Install the MSDN Library
Time to install the MSDN Library. This step is optional, but I recommend it as Visual Basic 6 Help files are only going to get harder to find on the Net as time goes by.
- Click the second Install button.
- Click “Yes” to confirm you want to install MSDN, then make your way through the various screens.
- When you get to the screen below, go ahead and click the “Full” option. You could click the “Custom” button and pick and choose what files to install, but considering the size of modern HDDs, it really isn’t necessary.

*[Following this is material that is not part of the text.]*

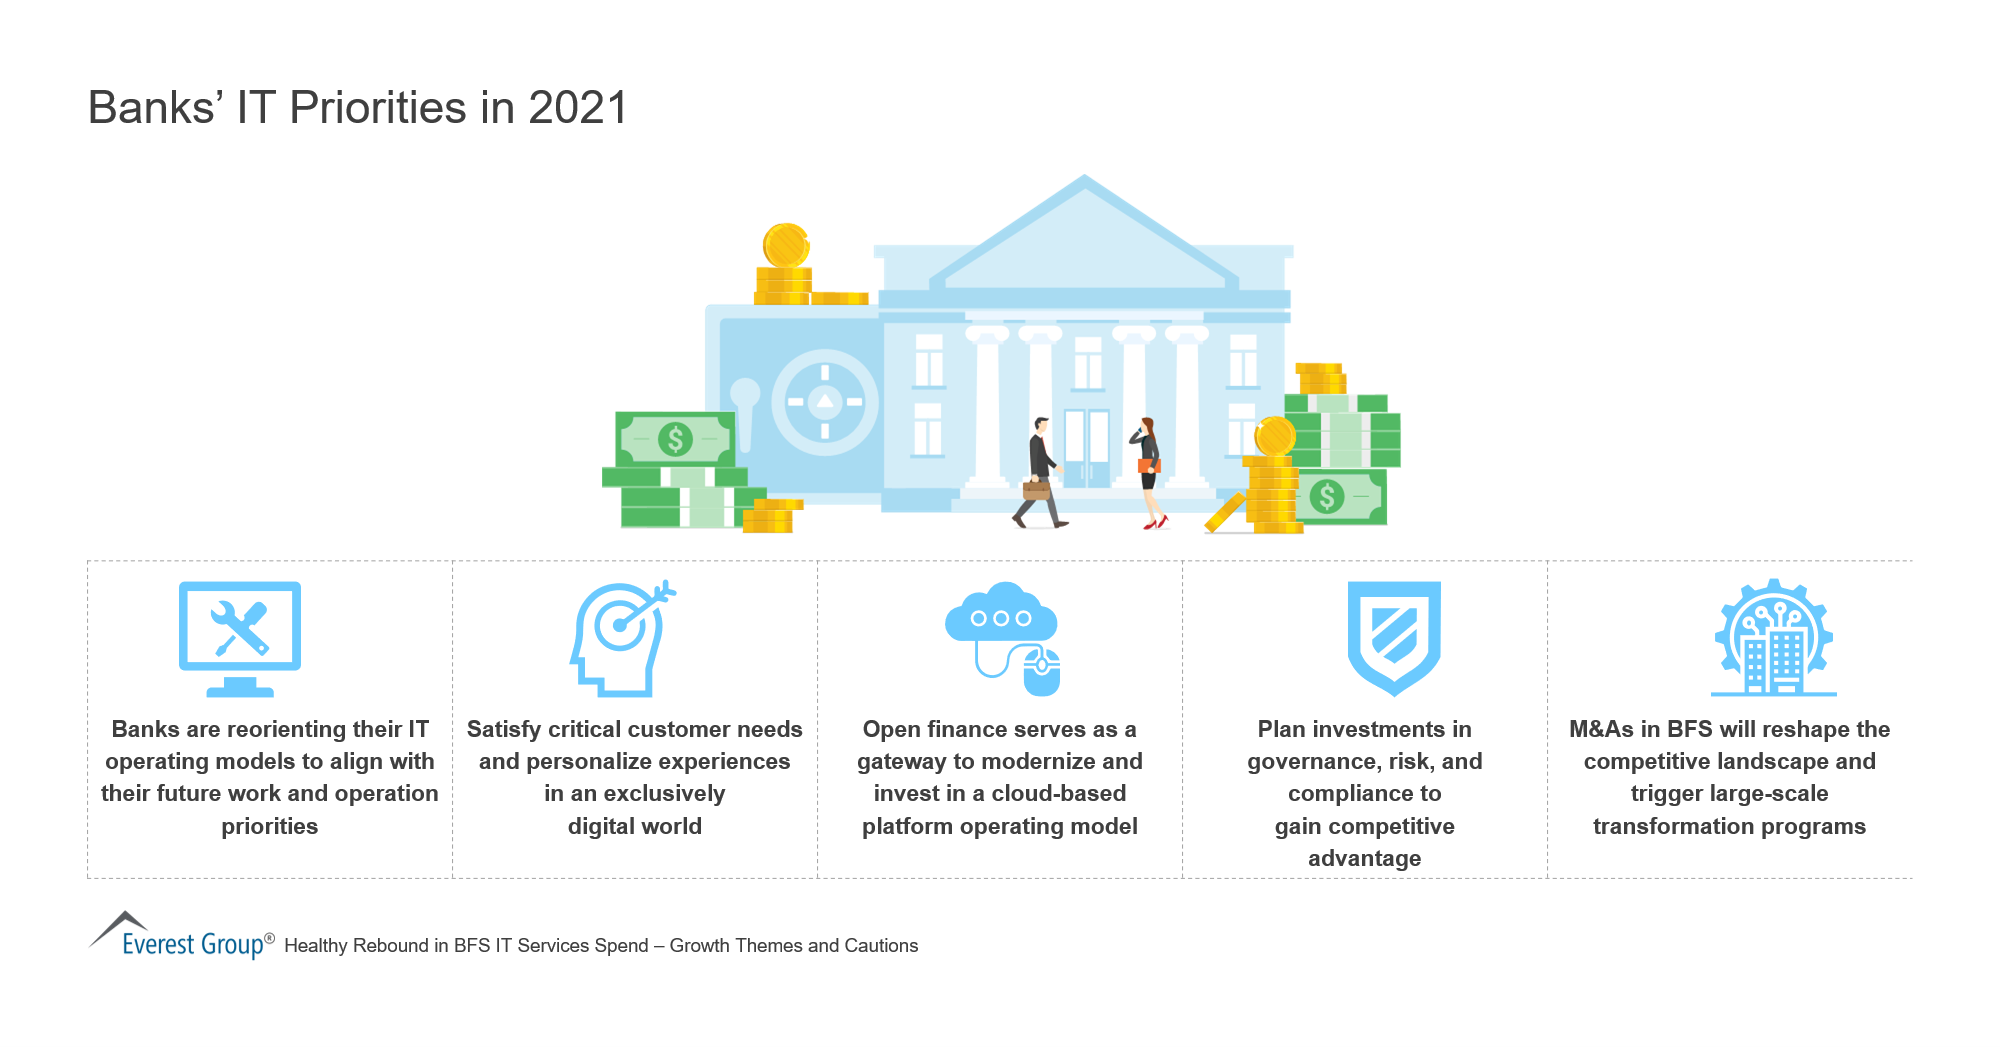 IT Priorities of Banks in 2021

- Click OK when installation has finished, and make your way back to the installer tool.
Install Service Pack 6
There are two ways to install Service Pack 6. If you have the proper service pack files for your installation, then you will be able to use the installer tool to launch the installation. If not, then you’ll need to launch the installer manually.
Note that Service Pack 6 only contains updates for Visual Studio, Visual C++, and Visual Basic, and Visual SourceSafe. If you installed any other programs (FoxPro or InterDev), then you should first install Service Pack 5. I find it hard to justify installing those programs, so won’t go over that scenario here.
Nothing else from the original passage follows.